Stanley Feld M.D.,FACP,MACE
As the recession deepens and more people are unemployed, the Medicaid roles are increasing. President Obama has promised the states that he will increase federal subsides to the states to cover this increase in participants.
I refer you back to Moises’ story and his inability to qualify for Medicaid because he earns more than $900 per month ($2200 per month). Texas’ poverty level is defined as earnings of $900 per month
Medicaid is supposed to provide coverage to the poor. The Medicaid program is probably better than being uninsured in case of an emergency.
The poor have a very high incidence of chronic disease. Prevention of chronic diseases and its complications are the biggest burden to the healthcare system. Eighty percent of the healthcare dollars are spent on the complications of chronic diseases.
Providing Medicaid for more people is not going to solve our healthcare problems. Preventing chronic diseases and its complications will. Unfortunately the Medicaid system presents barriers to appropriate and timely medical care.
Here are some of the barriers;
1. Reimbursement rates are very low.
2. Billing Medicaid is complicated.
3. Access to specialized care is difficult.
4. Permission for timely interventions is difficult to obtain.
5. Medicaid is replete with paperwork for both patients and physicians.
6. Regulations, rules and rejections are common.
7. Qualifying for Medicaid is difficult.
President Obama’s economic stimulus package is going to supplement Medicaid with about 100 billion dollars to the states. The states are not under any obligation to do anything to improve delivery of care or remove the barriers to care.
There are many reports of poor medical outcomes for chronic diseases by Medicaid recipients. The poor medical outcomes are a function of both the severity of the chronic diseases, patients’ compliance and the difficulty in accessing medical care in the Medicaid program.
Chronic diseases need early diagnosis, treatment, patient education and appropriate follow-up to avoid complications. The patients need to be taught to be the “professor of their chronic disease” so they can avoid the complications of their chronic disease.
It is my belief that most patients who are afflicted with a chronic disease would love to understand their disease process. They would love to know how they can avoid complications no matter what their socioeconomic group. The treatment of Diabetes Mellitus has taught us that lesson.

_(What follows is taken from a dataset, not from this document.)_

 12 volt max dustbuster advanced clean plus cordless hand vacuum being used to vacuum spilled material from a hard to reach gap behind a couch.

Do patients on Medicaid have better or worse medical outcomes than patients on Medicare or private insurance?
“One study published in the Journal of the American College of Cardiology (2005) found that Medicaid patients were almost 50% more likely to die after coronary artery bypass surgery than patients with private coverage or Medicare. The authors suggest this may be a result of poorer long-term, follow-up care.”
“Another study in the journal Ethnicity and Disease (2006) showed that elderly Medicaid patients with unstable angina had worse care, partly because they were less likely to get timely interventions or be treated at higher quality hospitals.”

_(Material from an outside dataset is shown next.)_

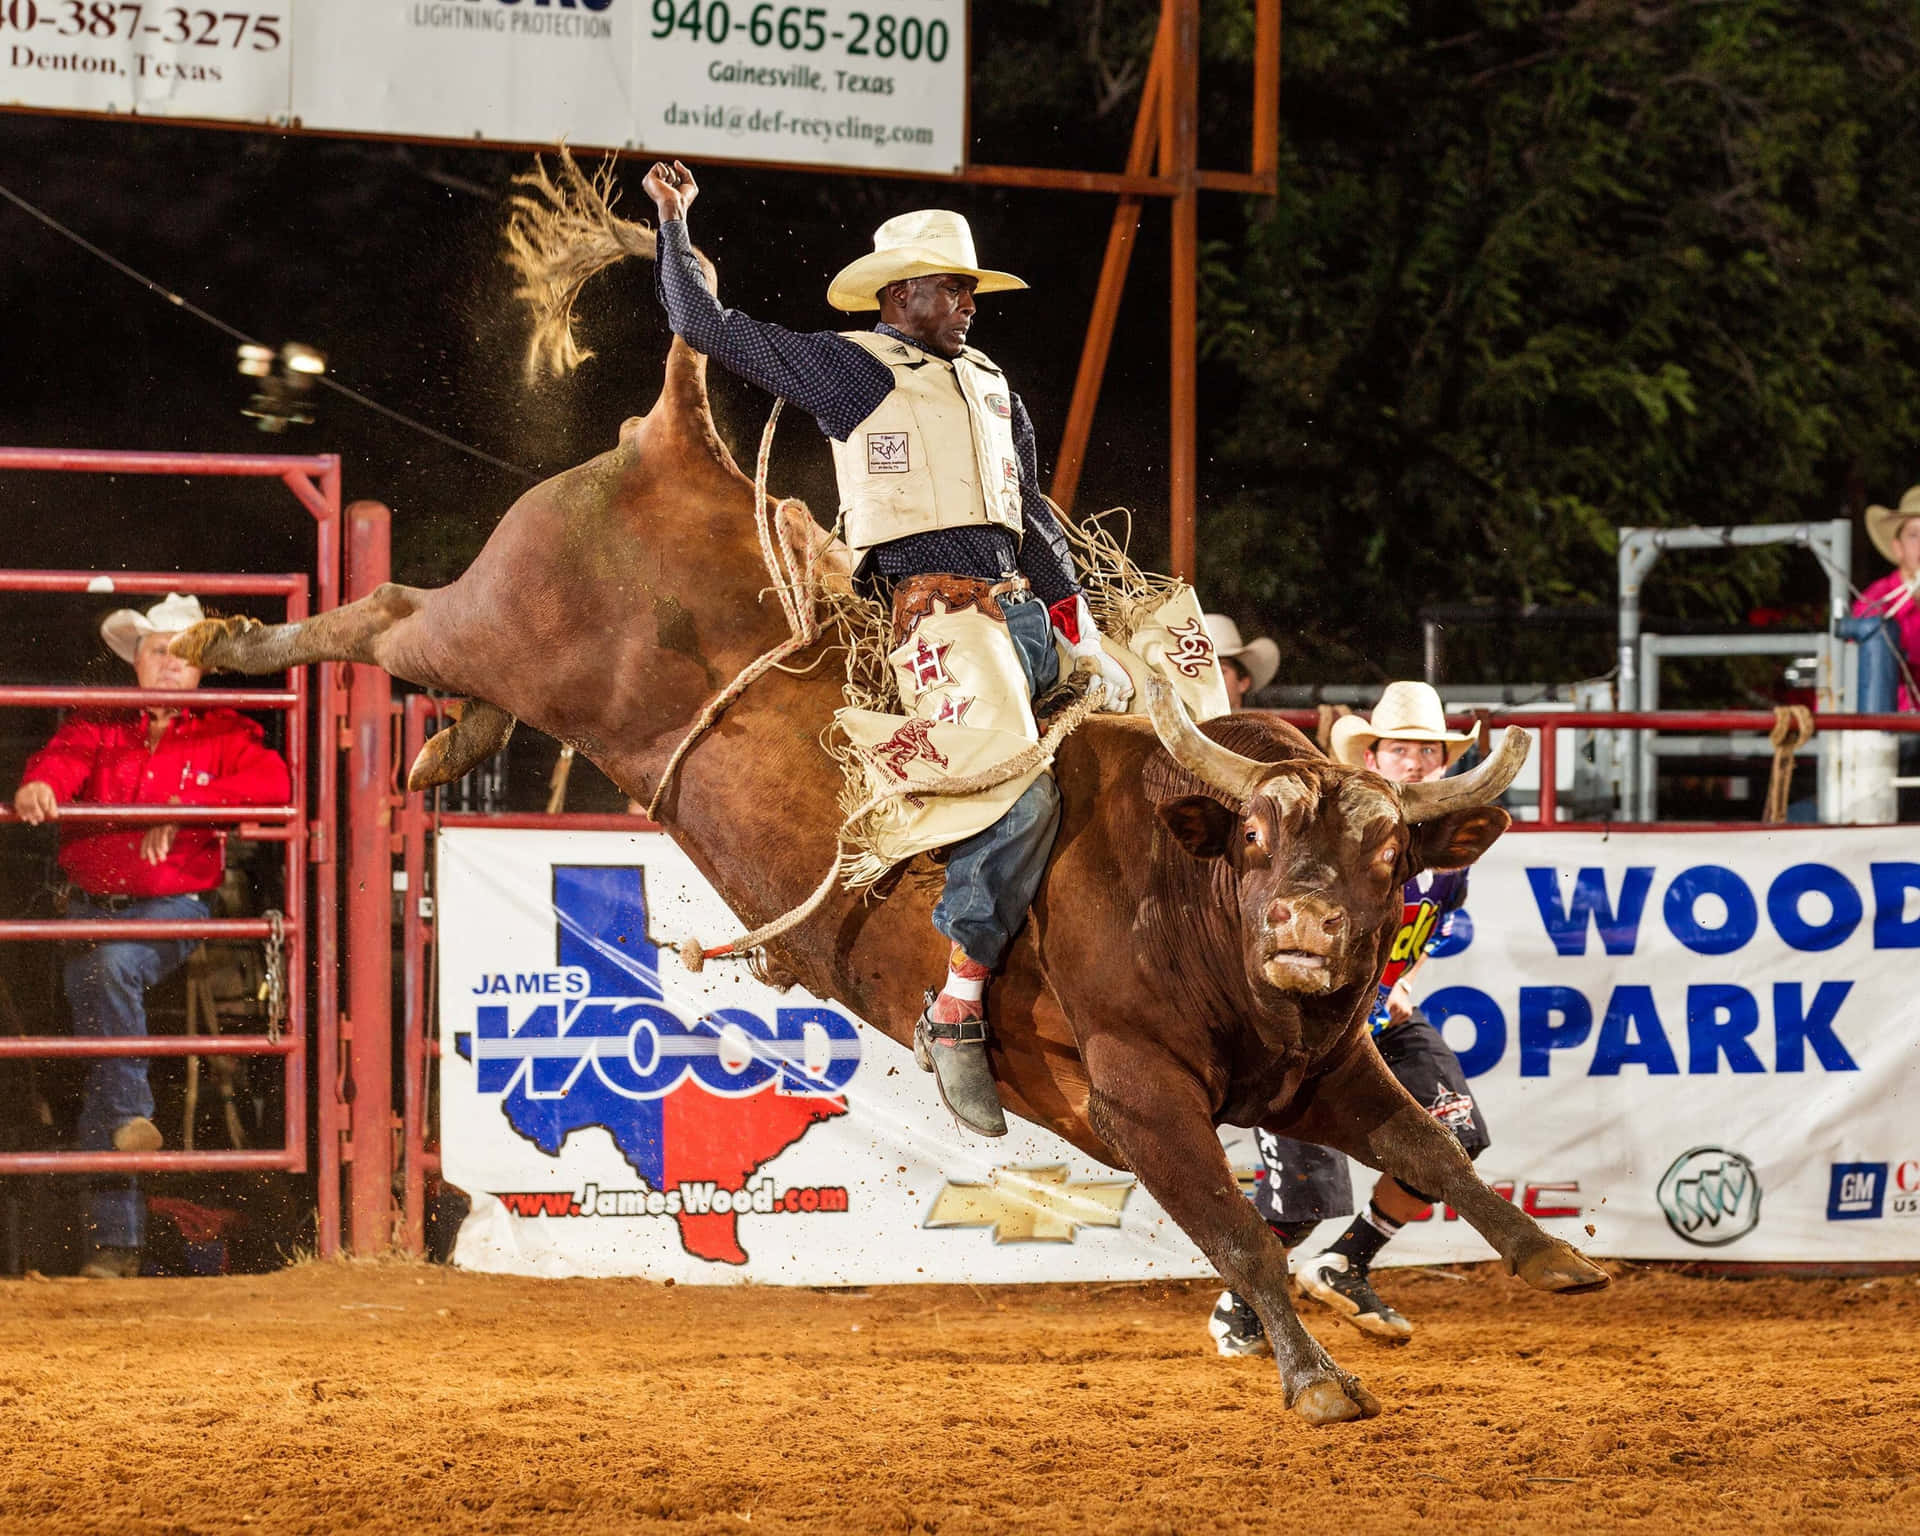 "Cowboy Courage: Professional Bull Rider Taking on a Challenge"

“Three other recent studies showed that Medicaid patients presenting with heart attacks or unstable angina received cardiac catheterization less often than Medicare or private paying patients.”
Coronary stents to open blocked coronary arteries has become the standard of care. There is a large body of evidence proving improved outcomes. Coronary stents have come under attack lately. The argument against stents is they are overused. This could be true but under use of coronary stents would certainly result in poorer medical outcomes.
“A study of adults with cancer published in the journal Cancer (2005) found that patients on Medicaid were two to three times more likely to die from the disease even after researchers corrected for differences in the location of the tumor and its stage when diagnosed.”
President Obama’s notion that expanding Medicaid will improve medical care for the uninsured is faulty. Increasing the quality of care is the key. The incentives in the healthcare system for all stakeholders must be changed. This can only be accomplished by patients’ ownership of their healthcare dollar as well as responsibility for their care and not expanding defective government plans such as Medicaid.